AKA: Shadow Glories
Directed by: Ziad H. Hamzeh
Starring: Marc Sandler, Sarah Rachael Isenberg, Michael Denney, and Linda Amendola
Simon Penn (Sandler) is a terminally depressed former kickboxer and now trainer. He feels a lot of sadness and has some regrets about his life as a fighter, one of which is the dissolution of his relationship with his wife Jenny (Amendola). He tries to channel his negative feelings into positive ones by training and mentoring children. His partner running the dojo is a woman named Cathy Jean “CJ” Keyes (Isenberg).
Because of traumas in her past, she decides to put herself to the ultimate test: fighting a man in the ring. But not just any man, the brutal Killer Kuzinski (Denney), a man who has killed two men in the ring, and who has a tumultuous past with none other than Simon. So she trains hard and both she and Simon fight their inner demons along the way. Then fight day arrives. What happens next will change everyone’s lives forever. Who will win THE FIGHT?
The Fight is an interesting little movie. It’s highly dramatic, even melodramatic at times, and feels like it potentially could have been a play. It seems like it was made by people more interested in creating high drama than a Martial Arts film. For a low-budget independent movie about broken people trying to find solace in a harsh world, and using Martial Arts as a vehicle to do that, The Fight does stand out among the myriad Meathead movies.
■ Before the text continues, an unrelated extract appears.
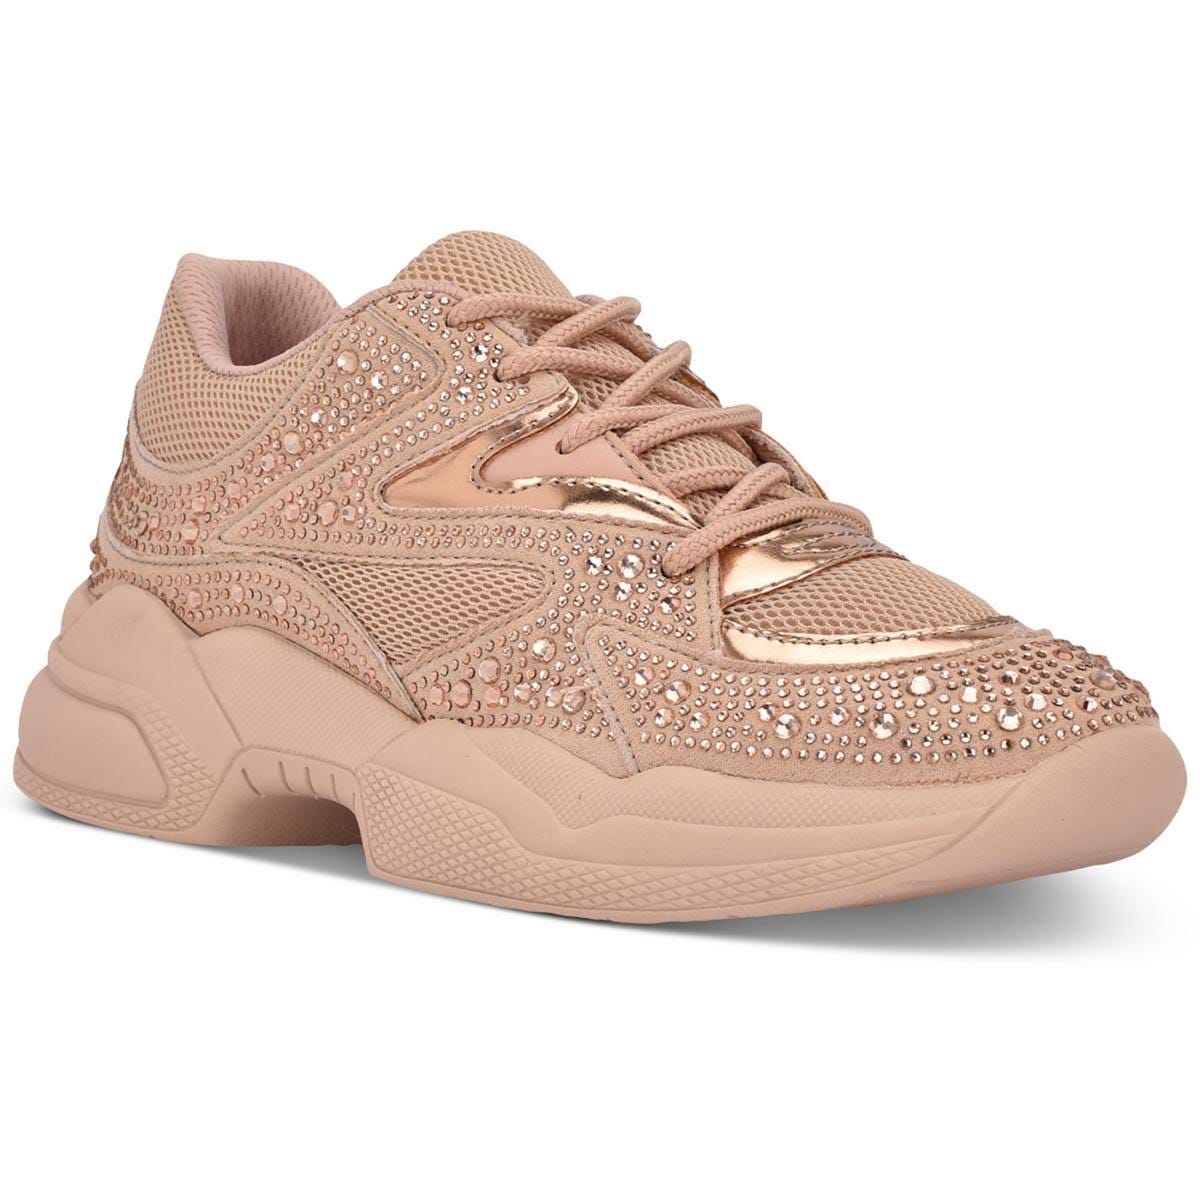 Sparkling Rhinestone Casual Sneakers for Women - Blush Bling | Image

Just the fact that the title of the movie was changed from Shadow Glories - which is a more evocative and appropriate title - to the dumbed-down, bland and forgettable “The Fight” tells you all you need to know, really. The movie seems to be a labor of love from all involved, especially Marc Sandler. We were unfamiliar with his work prior to seeing this. He resembles James Gandolfini and always tilts his head down.
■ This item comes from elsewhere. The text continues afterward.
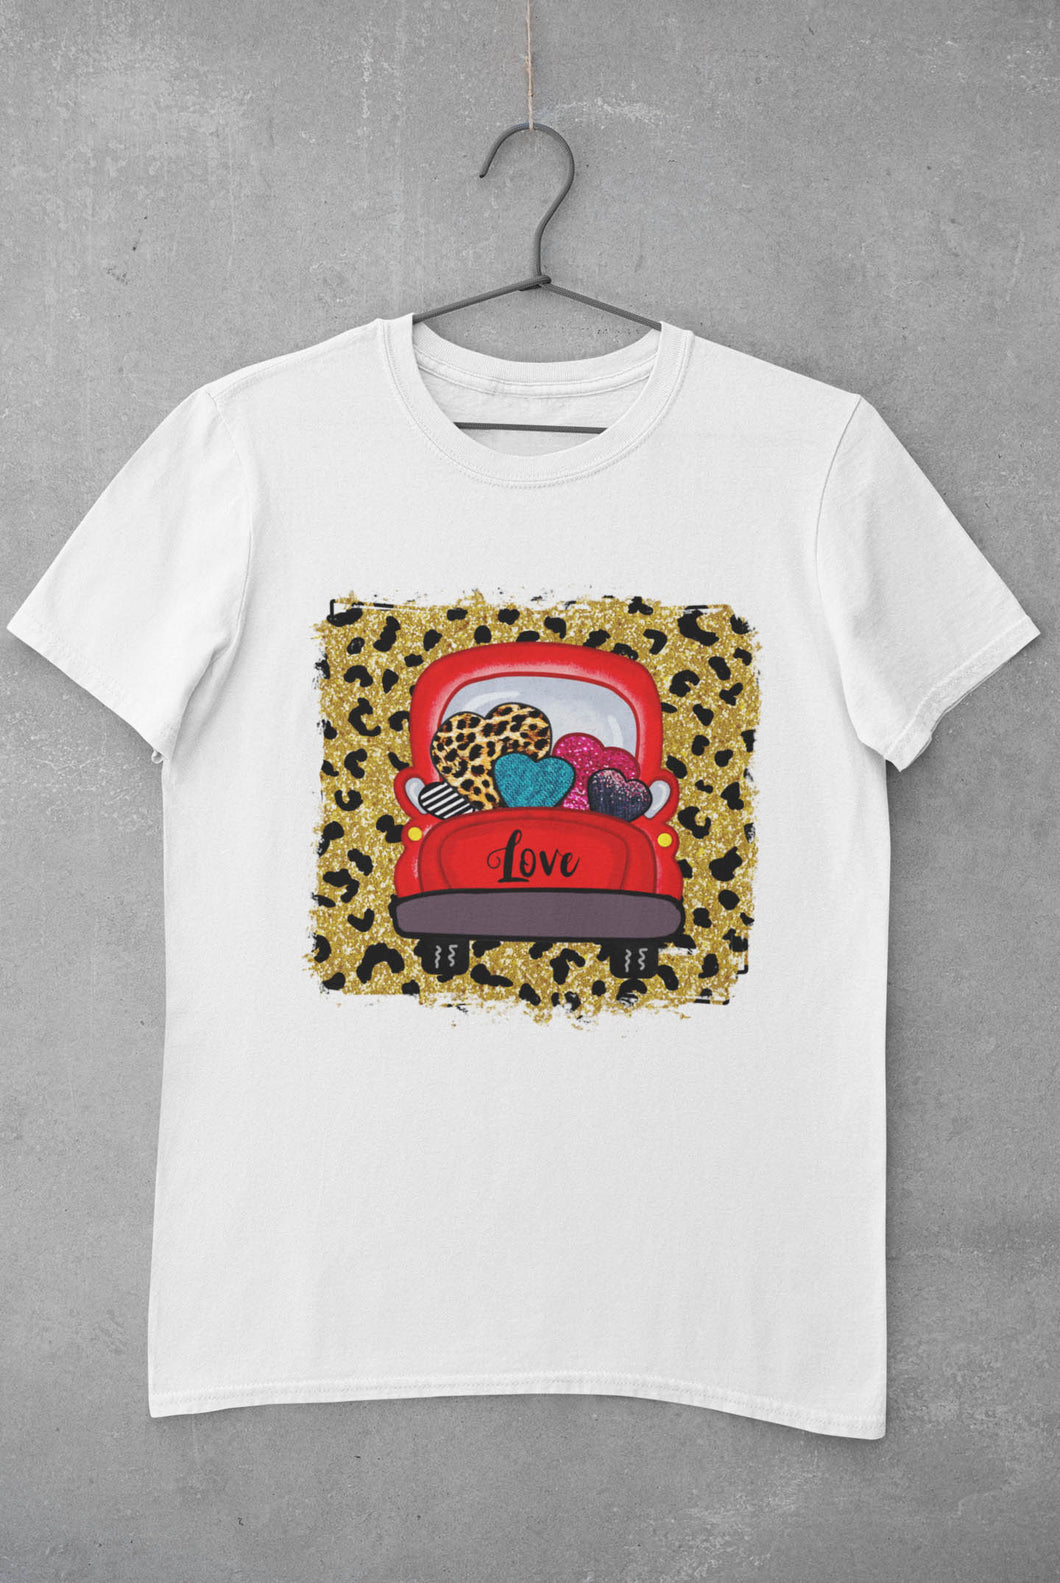 Valentine hearts t-shirt with truck - Hearts and truck t-shirt

It’s mainly during his overly-heartfelt voice-over narration that the movie seems like it’s trying too hard to be gritty, or just trying too hard in general. Plus at almost two hours, the movie is far too long and overstays its welcome. There’s only so much goodwill this movie can hope to have, and by trying our patience with an extended running time, it expends its capital with the audience. How much time are we supposed to want to spend with these troubled people and their sad lives?
Fans of more traditional action movies (like us) will find the pace slow, and the copious use of slow-motion only slows things down to a crawl even more. But the movie predated Million Dollar Baby (2004) by a solid three years, and Sandler (who we are guessing isn’t related to Adam...or maybe just hoping) has a great yell.
Killer Kuzinski, not to be confused with Killer Kowalski, or Unabomber Ted Kaczynski, is an appropriately evil and heartless man, unafraid to be put in the impossible position of fighting a woman in an exhibition bout. If he wins, he looks like a jerk, if he loses, he was beat by a girl. But perhaps CJ’s mighty cry - from a crowded audience - of “I can beat you!!!”, which he somehow heard from the ring, really got to him.
A movie highlight occurs when two elderly men in Karate Gi’s have a conversation. They don’t seem like guys that would be wearing those outfits or be in a dojo. It looks like two grandfathers named Sid and Morty and they should be at a deli discussing Matlock. It’s a funny scene, watch out for it.
Shot in Lewiston, Maine, The Fight is something of an oddity. There’s too much drama for your standard Punchfighter (or almost-Punchfighter), but too much hand-to-hand combat for patrons seeking a standard drama. It seems only very specific audiences will warm to The Fight.